Fig. 7

SENP1 regulates LR-MSC myofibroblast transition through both the WNT/β-Catenin and Hedgehog/GLI signaling pathways in vitro. A mRNA expression of endogenous SENP1, β-Catenin, and GLI1 were assessed using RT-PCR in different groups. RT-PCR analysis indicating that β-Catenin and GLI1 mRNA levels did not change in the presence of LV-SENP1-shRNA during TGFβ1 induction. *P < 0.01, **P < 0.05, ^▲P < 0.01, ^▲▲P > 0.05. *, the control group vs. the TGFβ1 group; **, the SENP1 knockdown group vs. the TGFβ1 group; ^▲, the control group vs. the TGFβ1 group; ^▲▲, the SENP1 knockdown group vs. the TGFβ1 group.
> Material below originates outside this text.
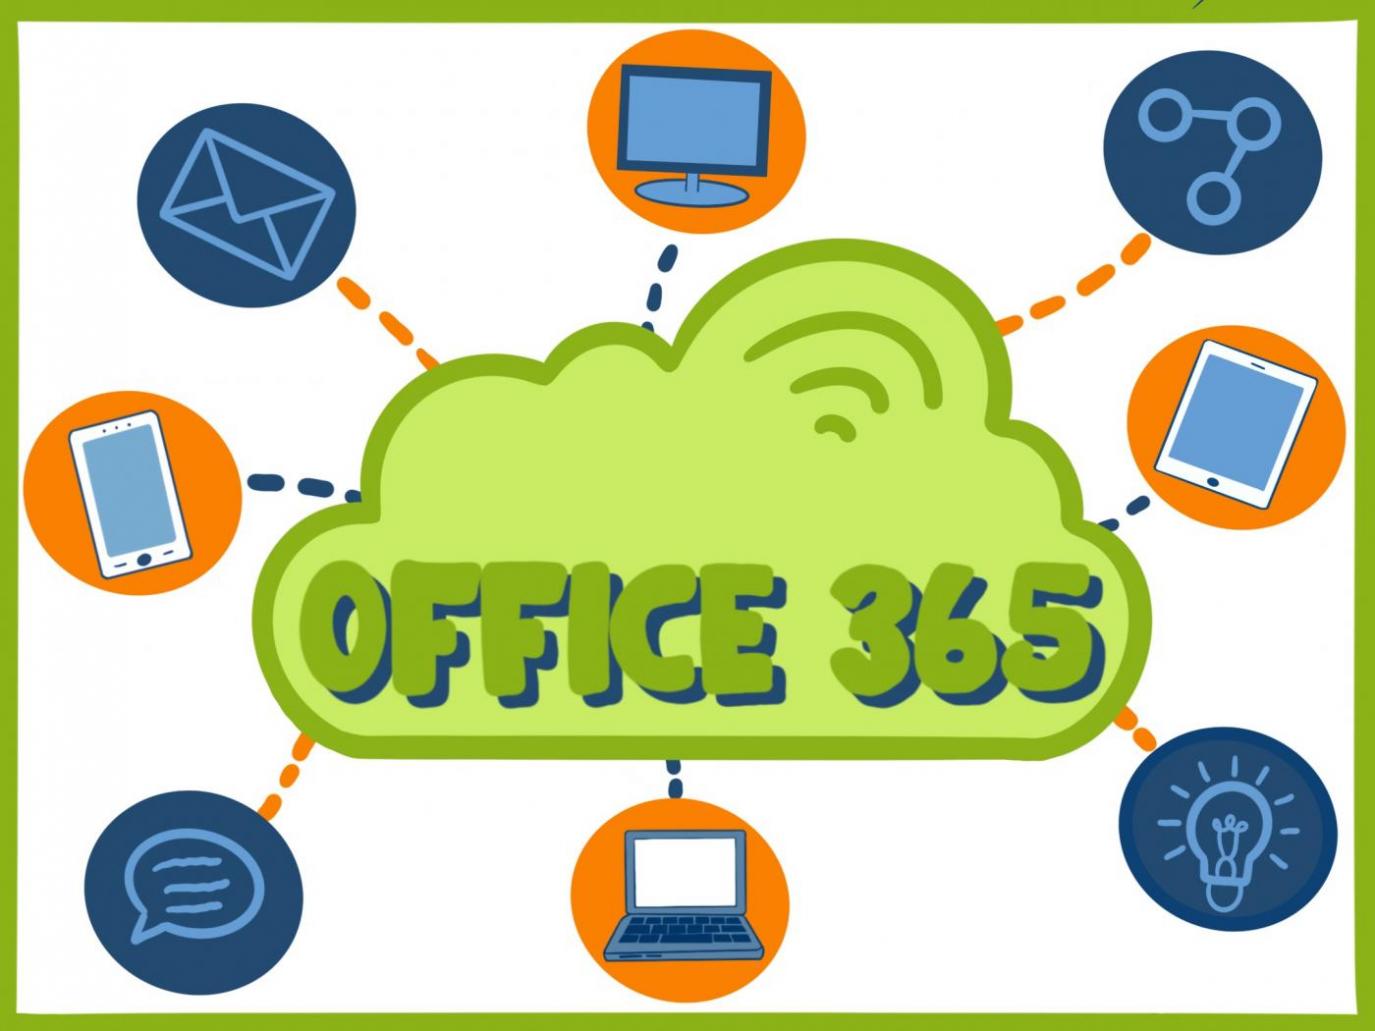 Eine grüne Wolke mit der Inschrift Office 365, davon ausgehend Linien die zu diversen weiteren Icons führen (Brief, Sprechblase, Smartphone, etc.)

B SENP1 level in total cell lysates was assessed using western blot analyses. *P < 0.01, **P < 0.05. *, the control group vs. the TGFβ1 group; **, the SENP1 knockdown group vs. the TGFβ1 group. C β-Catenin and GLI1 levels in total cell lysates were assessed using western blot analyses. The SUMOylation analysis of the immunoprecipitated β-Catenin and GLI1 proteins. β-Catenin and GLI1 were immunoprecipitated from whole-cell lysates using anti-β-Catenin and anti-GLI1 antibodies, respectively. The blots were probed with SUMO1. *P < 0.01, **P < 0.05, ^▲P < 0.01, ^▲▲P < 0.05. *, the control group vs. the TGFβ1 group; **, the SENP1 knockdown group vs. the TGFβ1 group (β-Catenin and GLI1); ^▲, the control group vs. the TGFβ1 group; ^▲▲, the SENP1 knockdown group vs. the TGFβ1 group (β-Catenin-SUMO and GLI1-SUMO). All data are presented as the mean ± SEM of three independent experiments. Quantification is shown in the lower panel. Each experiment was performed in triplicate.